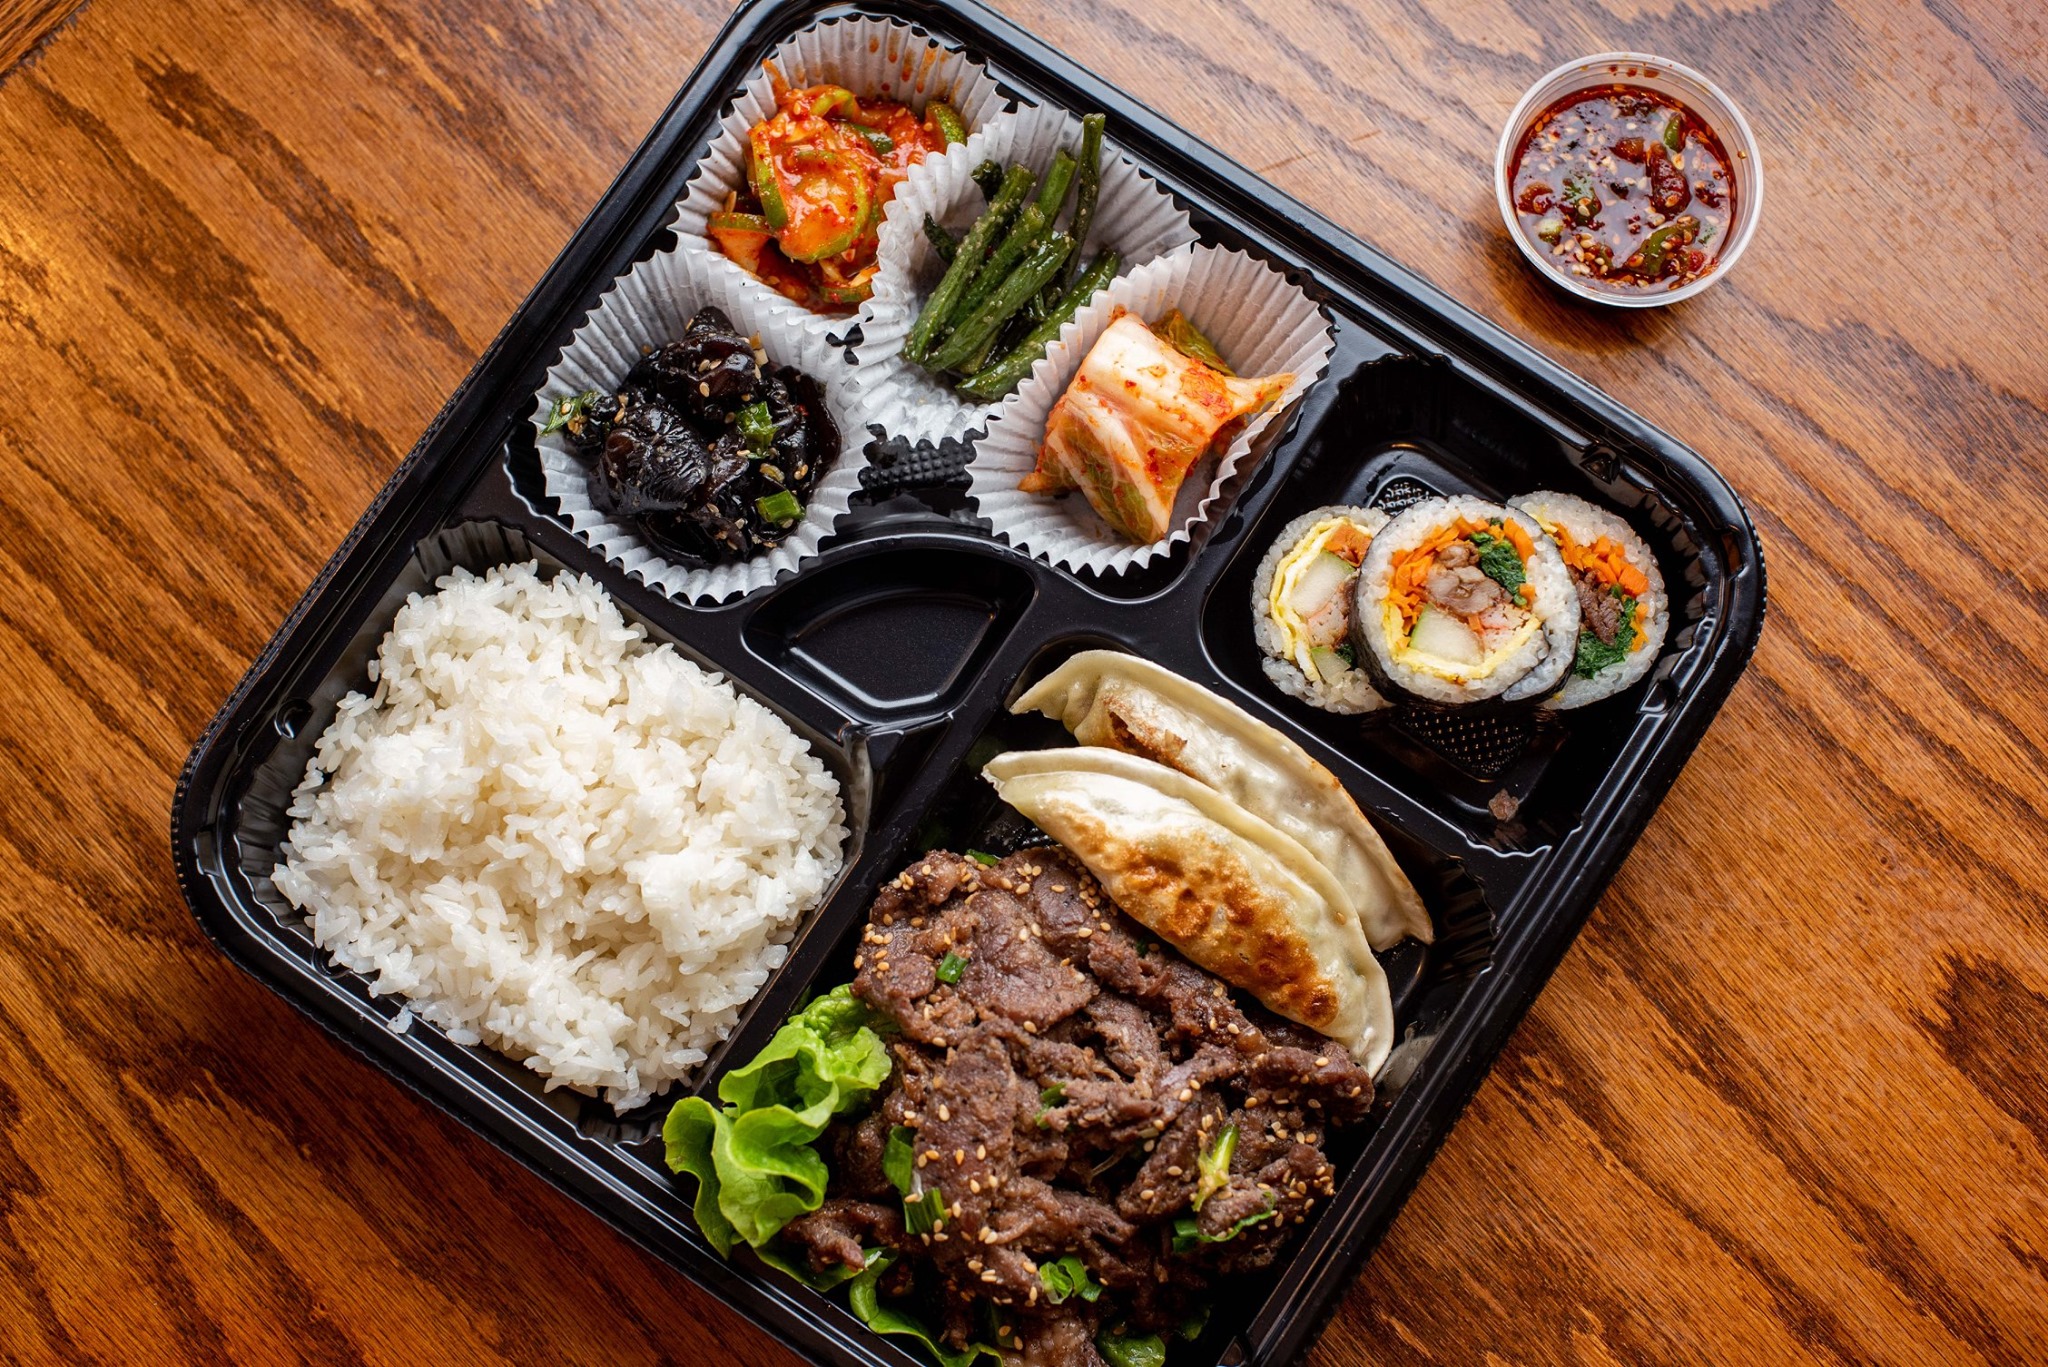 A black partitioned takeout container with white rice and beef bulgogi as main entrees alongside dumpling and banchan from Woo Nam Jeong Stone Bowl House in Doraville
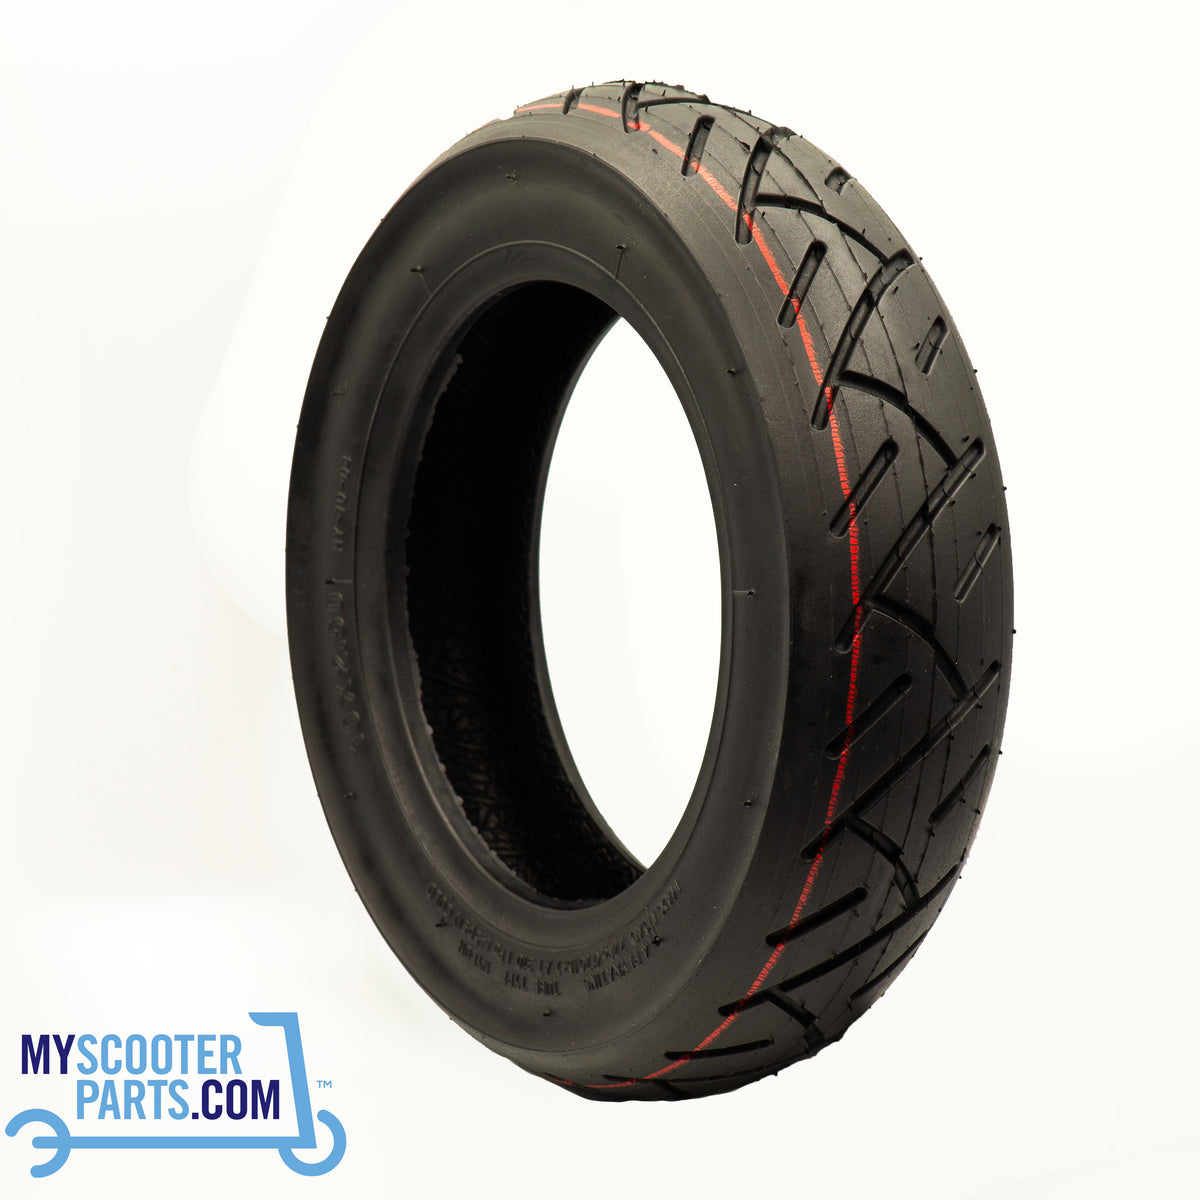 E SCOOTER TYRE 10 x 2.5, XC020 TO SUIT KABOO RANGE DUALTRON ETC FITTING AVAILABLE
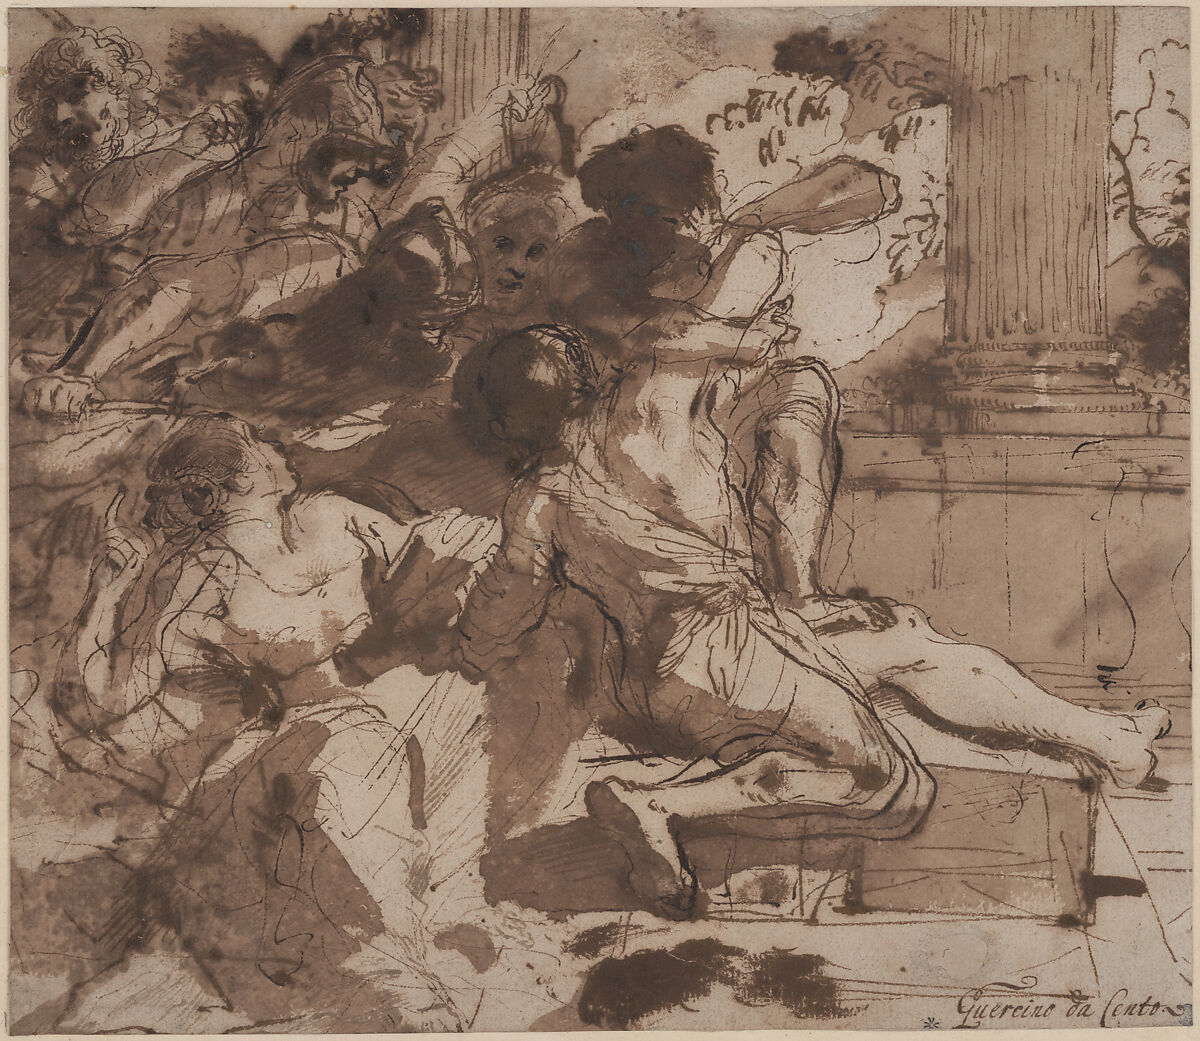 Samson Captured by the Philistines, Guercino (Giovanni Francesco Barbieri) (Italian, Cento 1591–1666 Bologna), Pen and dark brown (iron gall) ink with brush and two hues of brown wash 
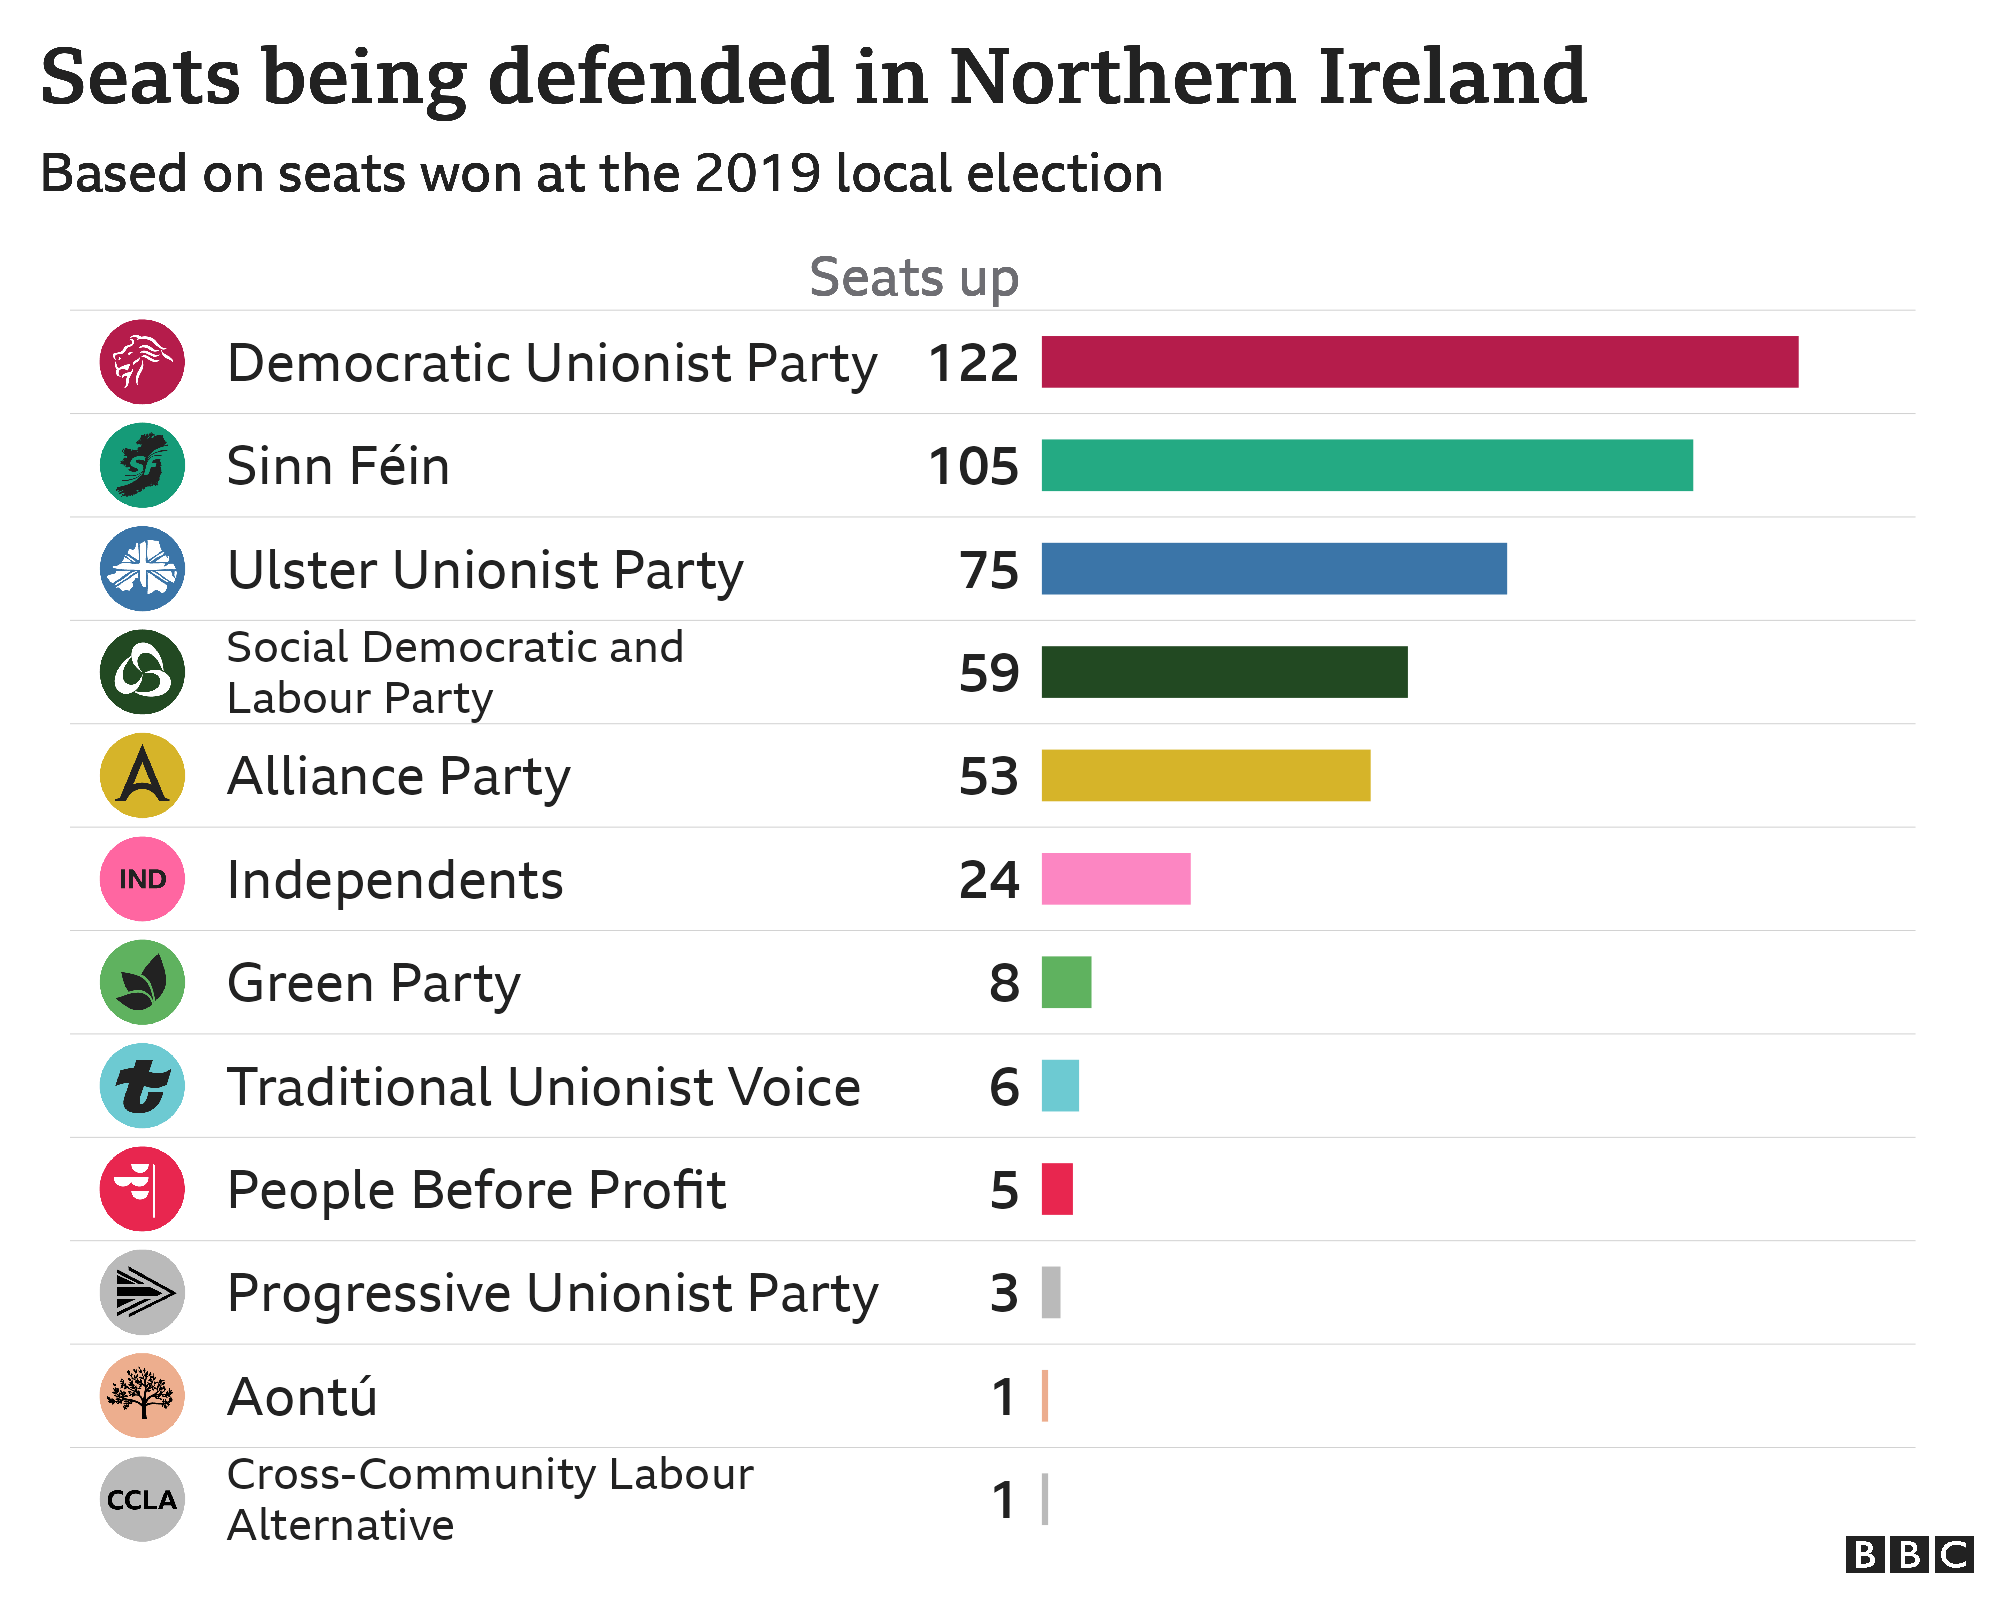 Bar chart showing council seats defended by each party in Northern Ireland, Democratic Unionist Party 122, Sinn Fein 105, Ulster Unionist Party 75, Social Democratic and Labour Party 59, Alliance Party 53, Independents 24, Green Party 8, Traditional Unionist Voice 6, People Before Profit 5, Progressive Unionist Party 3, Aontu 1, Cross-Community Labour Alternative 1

——

- _What needs to be done_: Without the pictures, transcribe the listing exactly as it stands.

- _Expected output_:
 A black partitioned takeout container with white rice and beef bulgogi as main entrees alongside dumpling and banchan from Woo Nam Jeong Stone Bowl House in Doraville
 E SCOOTER TYRE 10 x 2.5, XC020 TO SUIT KABOO RANGE DUALTRON ETC FITTING AVAILABLE
 Samson Captured by the Philistines, Guercino (Giovanni Francesco Barbieri) (Italian, Cento 1591–1666 Bologna), Pen and dark brown (iron gall) ink with brush and two hues of brown wash 
 Bar chart showing council seats defended by each party in Northern Ireland, Democratic Unionist Party 122, Sinn Fein 105, Ulster Unionist Party 75, Social Democratic and Labour Party 59, Alliance Party 53, Independents 24, Green Party 8, Traditional Unionist Voice 6, People Before Profit 5, Progressive Unionist Party 3, Aontu 1, Cross-Community Labour Alternative 1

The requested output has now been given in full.